Manusia diciptakan sebaik-baik bentuk, dibandingkan dengan makhluk lain ciptaan Allah. Yang dilengkapi dengan perangkat yang jauh lebih lengkap dari makhluk Allah lainnya, bahkan dengan malaikat Allah. Secara fisik selain lebih indah dari makhluk lainnya, manusia juga dapat bergerak dan menggerakkan anggota tubuhnya lebih variatif dari makhluk lainnya, bahkan manusia mampu menirukan banyak gerakan makhluk Allah yang lain.
Begitu mulianya malaikat, namun tidak dilengkapi dengan nafsu, sehingga malaikat tidak memiliki kecenderungan dan keinginan apapun. Malaikat tidak makan dan minum, tidak berhasrat, tidak bercita-cita, tidak memiliki dorongan untuk melakukan hal-hal sebagaimana manusia memiliki hasrat untuk melakukan banyak hal. Bahkan begitu Adam (manusia) diciptakan, Allah memerintahkan kepada malaikat untuk bersujud (tunduk) kepada manusia, hal ini tidak lain karena Allah menganugerahkan manusia berupa ilmu pengetahuan. Dengan ilmu pengetahuan inilah manusia akan terangkat derajatnya, dengan catatan manusia yang beriman. Demikian Allah tetapkan yang demikian itu, Allah akan mengangkat derajat orang yang beriman dan berilmu.
Perhatikanlah binatang, diciptakan oleh Allah tidak selengkap manusia. Apapun yang dilakukan baik bergerak maupun tidak dalam keadaan bergerak semua dilakukan karena dorongan nafsu. Binatang tidak memiliki potensi untuk meredam dan mengendalikan nafsu, binatang tidak memiliki kemampuan mengendalikan diri, jika datang nafsu untuk menyerang, maka siapapun dan apapun akan diserang.
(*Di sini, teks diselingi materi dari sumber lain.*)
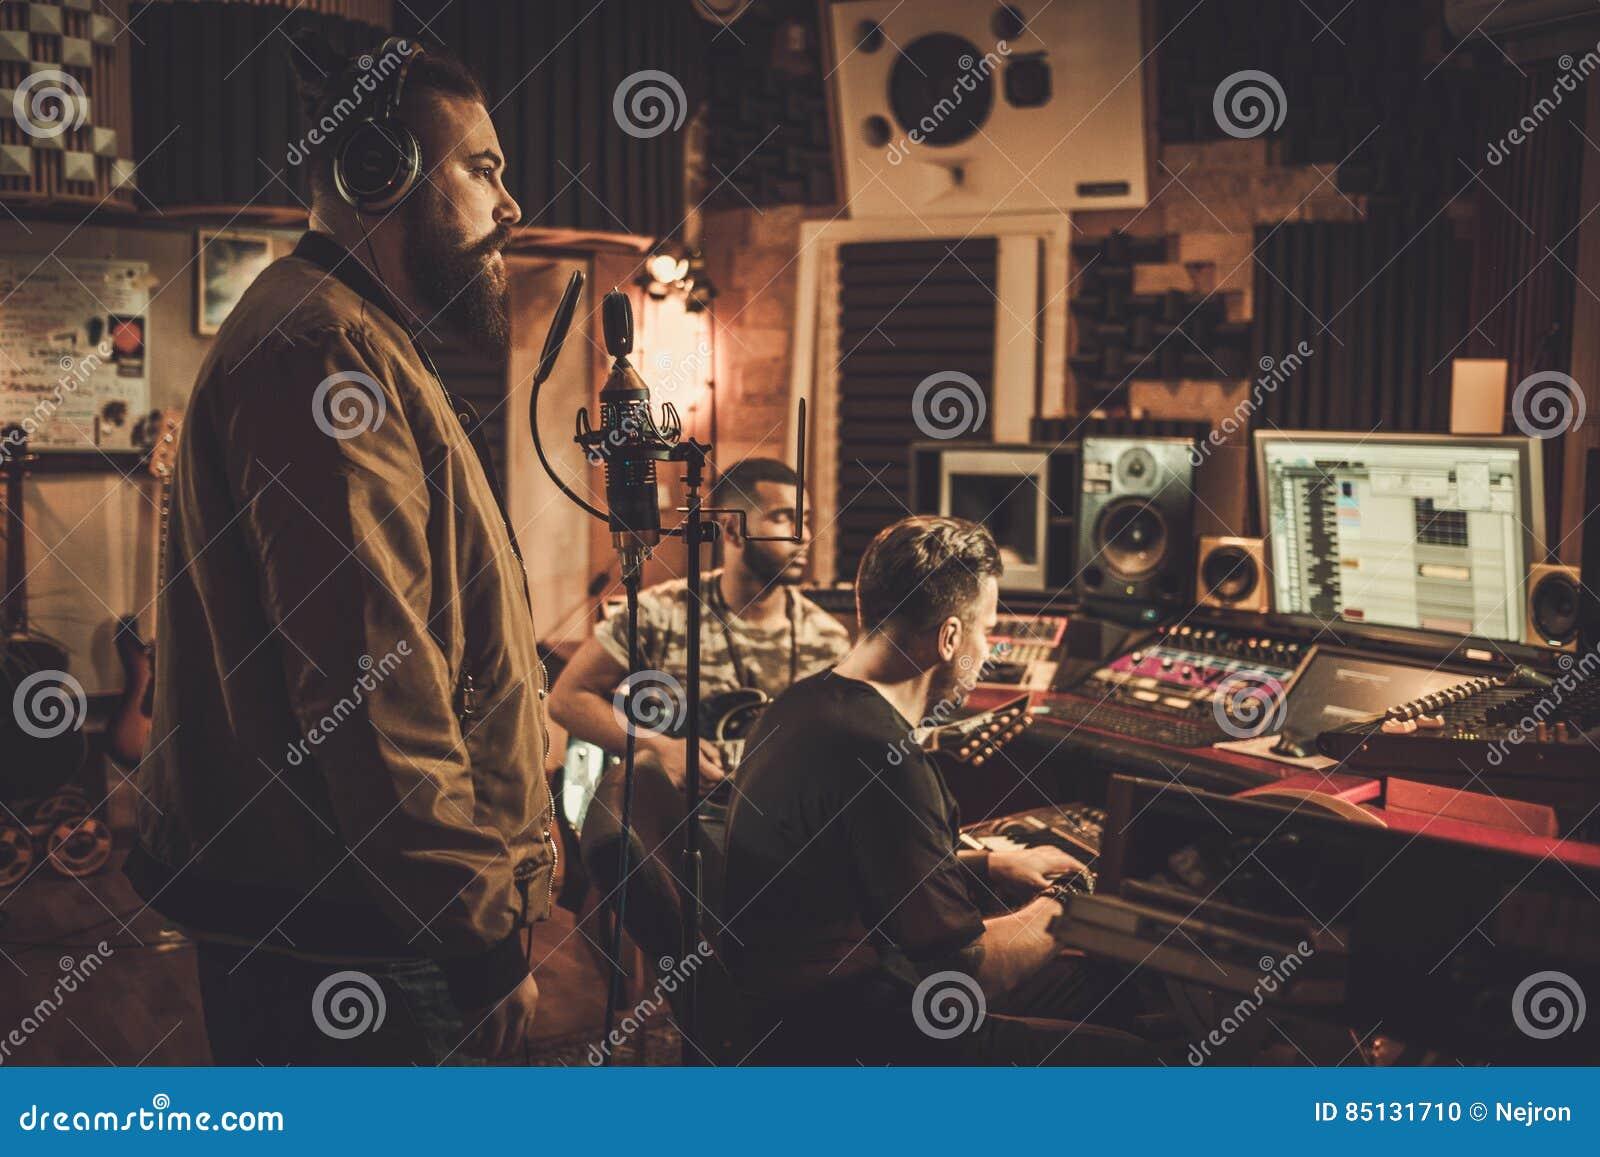 Berufsmusikband-Aufnahmelied in Butikenaufnahme stu
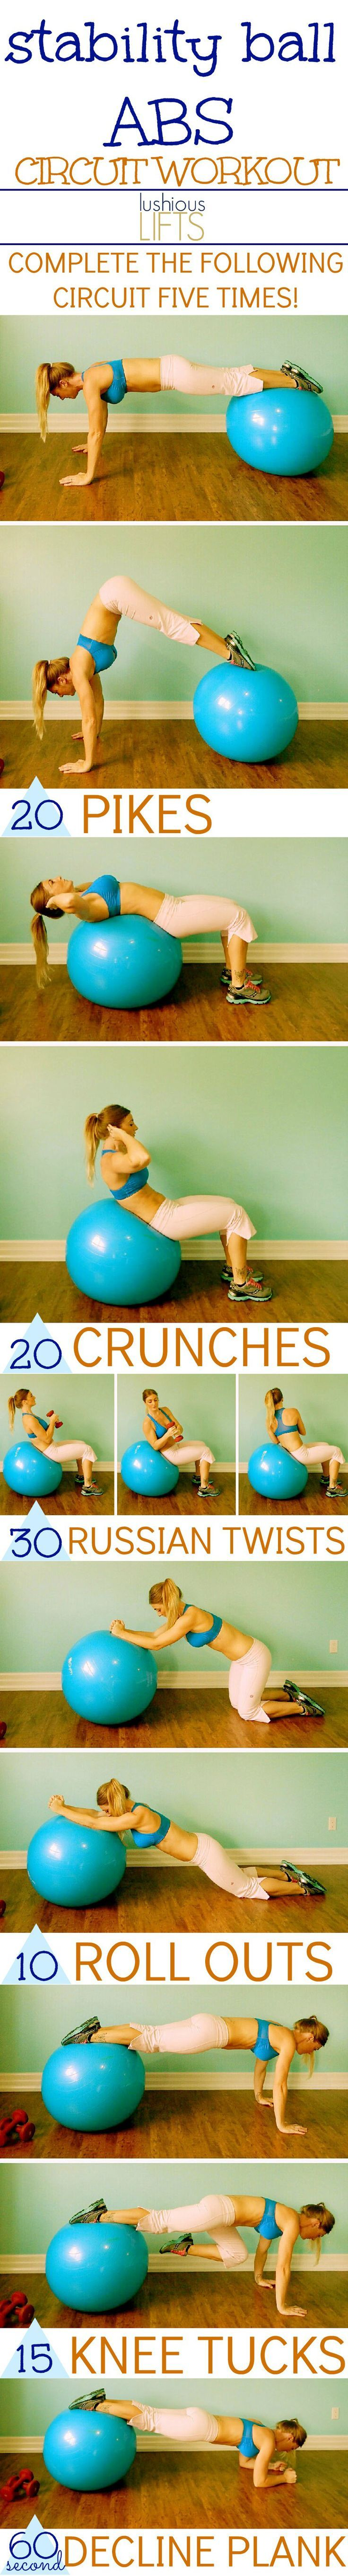 Stability Ball Abdominal Circuit Workout http://lushiouslifts.com/stability-ball-abs-circuit/ #Fitness #Workout Pin/Via -

Manusia diciptakan begitu sempurna dan penuh keseimbangan, lengkap dengan indra, akal, pikiran, nafsu, kalbu. Dengan keitimewaan dan kesempurnaan inilah kemudian mansia berani menerima amanah dari Allah untuk mengelola bumi dan seluruh isinya. Amanah inilah yang pernah ditolak oleh Bumi, langit dan gunung... begitu manusia menerima kemudian manusia dianggap sebagai Zaluuman Jahuulaa (zalim dan bodoh).
Karena dengan indra, akal-pikiran, kalbu inilah kemudian, zaluuman Jahuulaa dapat tertutupi, zalim dan bodoh kemudian dapat dihilangkan oleh kemampuan manusia menggunakan akal dan pikiran serta kalbunya dalam mengelola bumi dan isinya[1]. Namun jika manusia tidak menggunakan akal, pikiran dan kalbunya dengan benar, maka label zalim dan bodoh akan kembali melekat dalam dirinya. Dampak dari kezaliman dan kebodohan manusia, akan dapat merusak alam semesta, merusak dirinya, dan juga merusak orang lain dan makhluk lainnya. Sehingga akibat kebodohan dan kezaliman tersebut menjadi tanggunggjawab manusia itu sendiri. Manusia tidak dapat menyalahkan Sang Penciptanya, karena Sang Pencipta telah memberikan potensi untuk melakukan perbuatan-perbuatan terpuji yakni, akal-pikiran dan kalbu. Allah menegaskan : "Sesungguhnya Allah tidak berbuat zalim kepada manusia sedikitpun, akan tetapi manusia itulah yang berbuat zalim kepadadiri mereka sendiri" (Q.S.Yunus: 10: 44). Dalam surat An-Nisa (4) ayat 79 Allah juga mengingatkan melalui firmanNya: "Apa saja nikmat yang kamu peroleh adalah dari Allah, dan apa saja bencana yang menimpamu, maka dari (kesalahan) dirimu sendiri".Â
Akal menjadi salah satu unsur yang sangat penting dalam diri manusia. Dengan akal manusia merekam semua fenomena alam kemudian dijadikan sebagai pengetahuan, mendorong manusia berpikir sesuai dengan pengetahuan. Pikiran yang ada dalam manusia akan dapat menentukan keberadaan dirinya. Seorang filosof bernama Rene Descartes mengatakan "cogito ergo sum"Â (saya berpikir maka saya ada). Keberadaan manusia ditentukan oleh fungsionalisasi akal pikirannya. Syekh Muhammad Mutawalli al-Sya'rawi mengatakan: "pikiran adalah alat ukur yang digunakan manusia untuk memilih sesuatu yang dinilai lebih baik dan lebih menjamin masa depan diri dan keluarganya".Â
Dengan pikiran manusia dapat menentukan baik, tidak baik, buruk, benar, salah, positif, negative. Pikiran menjadi sumber manusia untuk bertindak... tindakan yang muncul adalah wujud dari apa-apa yang dipikirkan. Oleh karena itu isilah pikiran dengan hal-hal yang positif agar wujud tindakan menjadi positif. Jika berpikir bahagia, maka kita akan bahagia, jika pikiran dipenuhi dengan sengsara, maka kita hidup dalam kesengraan. Plato: "Sumber setiap prilaku adalah pikiran. Dengan pikiran kita bisa maju atau mundur. Dengan pikiran kita bisa bahagia atau sengsara". Katakanlah: Apakah sama orang-orang yang mengetahui dengan orang-orang yang tidak mengetahui? Sesungguhnya orang yang berakallah yang dapat menerima pelajaran. (Q.S: Az-Zumar : 9).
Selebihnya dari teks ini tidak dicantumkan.